Ambitious in scale and theatrical in conception, Une lune bleue captures the lyrical kinetic language that, by 1971, had positioned Calder firmly on the international stage. His mobiles, begun in the 1930s, drew upon his early works in wire––dubbed by critics as “drawings in space”––as well as his sojourn in 1920s Paris, where he imbibed the city’s revolutionary creative atmosphere. In 1930, he made a seminal visit to Piet Mondrian’s studio, admiring the colored rectangular maquettes that adorned the artist’s walls. “I suggested to Mondrian that perhaps it would be fun to make these rectangles oscillate,” he recalls (A. Calder, Calder: An Autobiography with Pictures, New York, 1966, p. 113). Calder’s first mobiles—a term proposed by Marcel Duchamp—were meditative, motorized objects: curious, abstract creations whose geometric components could be articulated “like the choreography in a ballet” (A. Calder quoted in M. Evans (ed.), The Painters Object, London, 1937, pp. 62–67). Over the following decades, Calder would go on to break new ground for kinetic sculpture, seamlessly fusing art and physics in his exploration of color, form, sound, and motion. By the 1970s, his works had achieved worldwide acclaim, resulting in major commissions for sites around the world. The monumental scale of his public works drove his practice to new heights, giving rise to ever-more complex and dramatic formal configurations.

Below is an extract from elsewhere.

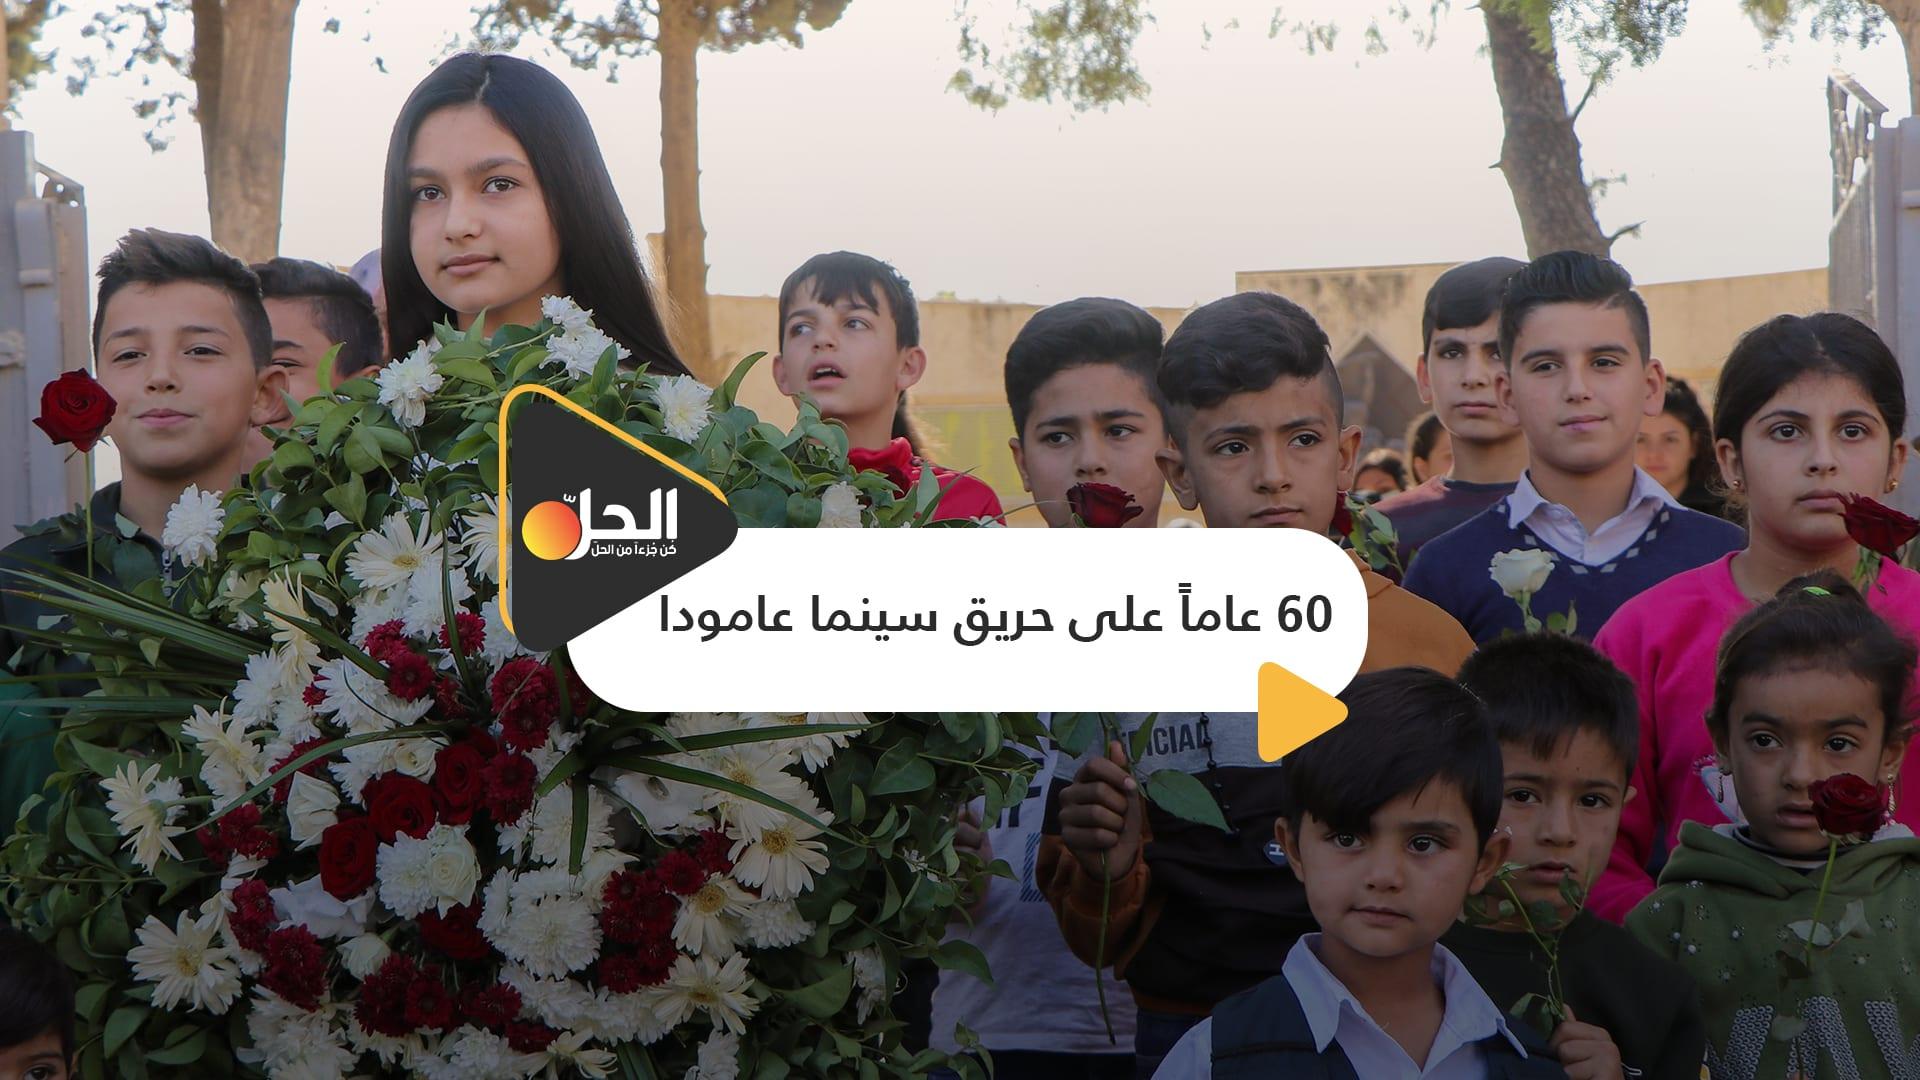 أهالي عامودا يحيون الذكرى الـ60 لكارثة كبرى حلت بهم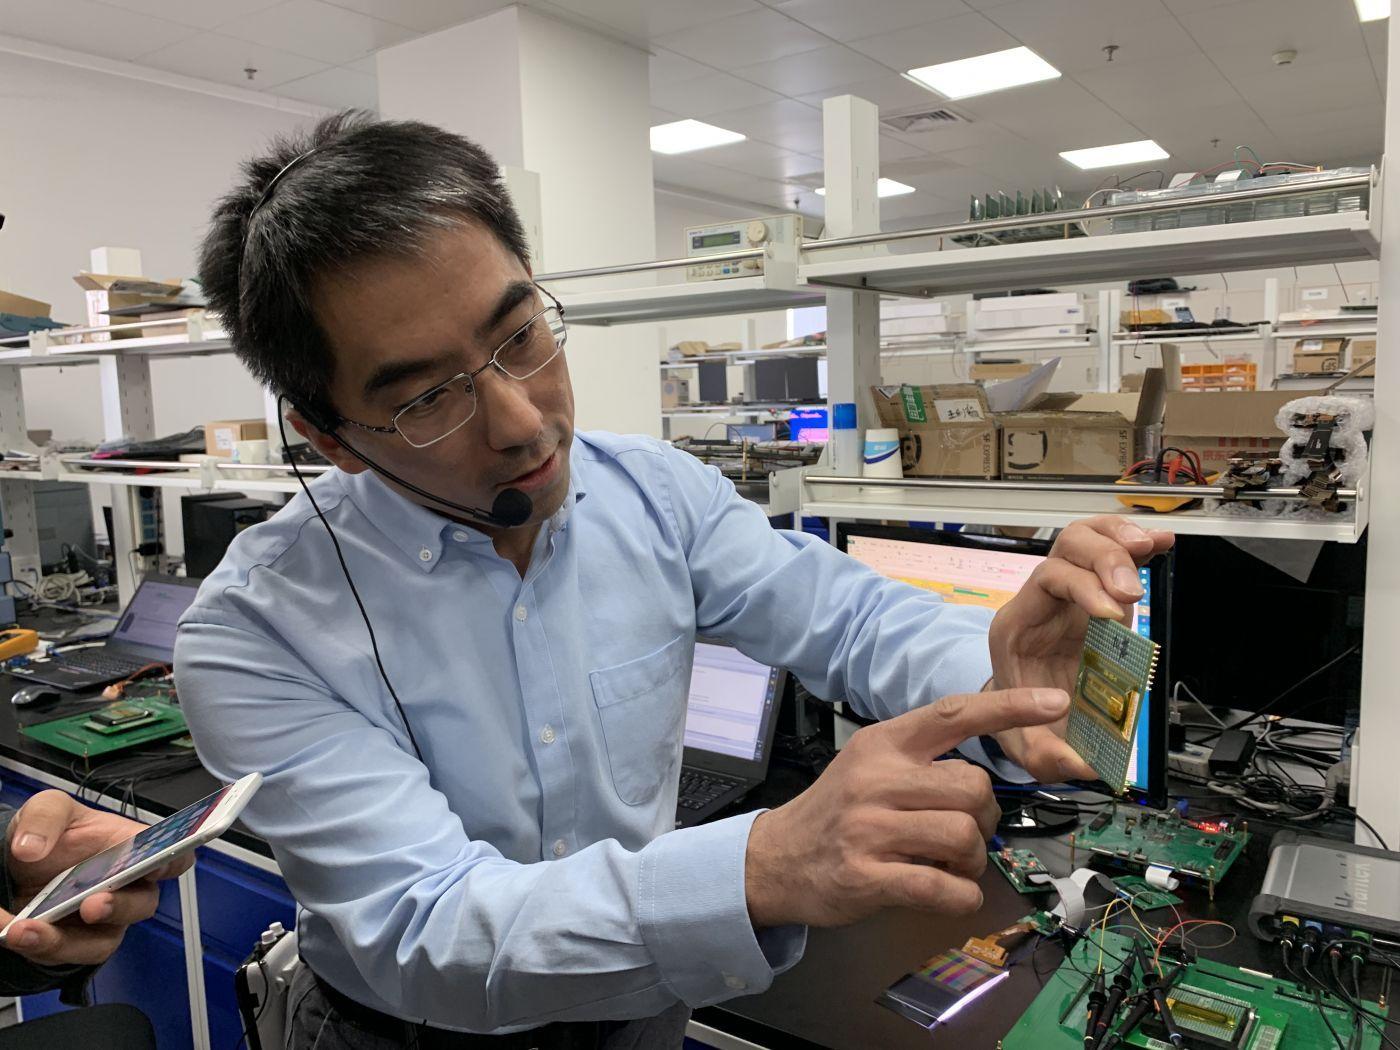 集创北方研发副总裁耿俊成介绍测试芯片

Throughout his oeuvre, Calder remained fascinated by the unseen rhythms of the natural world. As a young man, he had found employment as a fireman aboard the H. F. Alexander, which sailed from San Francisco to New York. One morning, off the coast of Guatemala, he awoke early enough to observe the rising sun and the setting moon on opposite sides of the horizon: “it left me with a lasting sensation of the solar system”, he recalled (A. Calder, quoted in M. Gibson, Calder, New York, 1988, p. 11). The term “sensation” is critical here, suggesting a visceral connection with nature’s disparate energies. From a different trajectory, Miró placed lunar imagery at the center of his Surrealist practice, noting that “I am overwhelmed when I see, in an immense sky, the crescent of the moon, or the sun” (J. Miró, quoted in Y. Taillandier (ed)., Joan Miró: I Work Like a Gardener, New York, 2017, p. 21). In 1969, passengers at JKF airport in New York watched the moon landings under the shadow of Calder’s monumental mobile .125—a reminder, perhaps, that his art had conquered the universe long before the rest of humankind. As the present work attests, it was a sphere of poetry and possibility that would continue to absorb him for the rest of his life.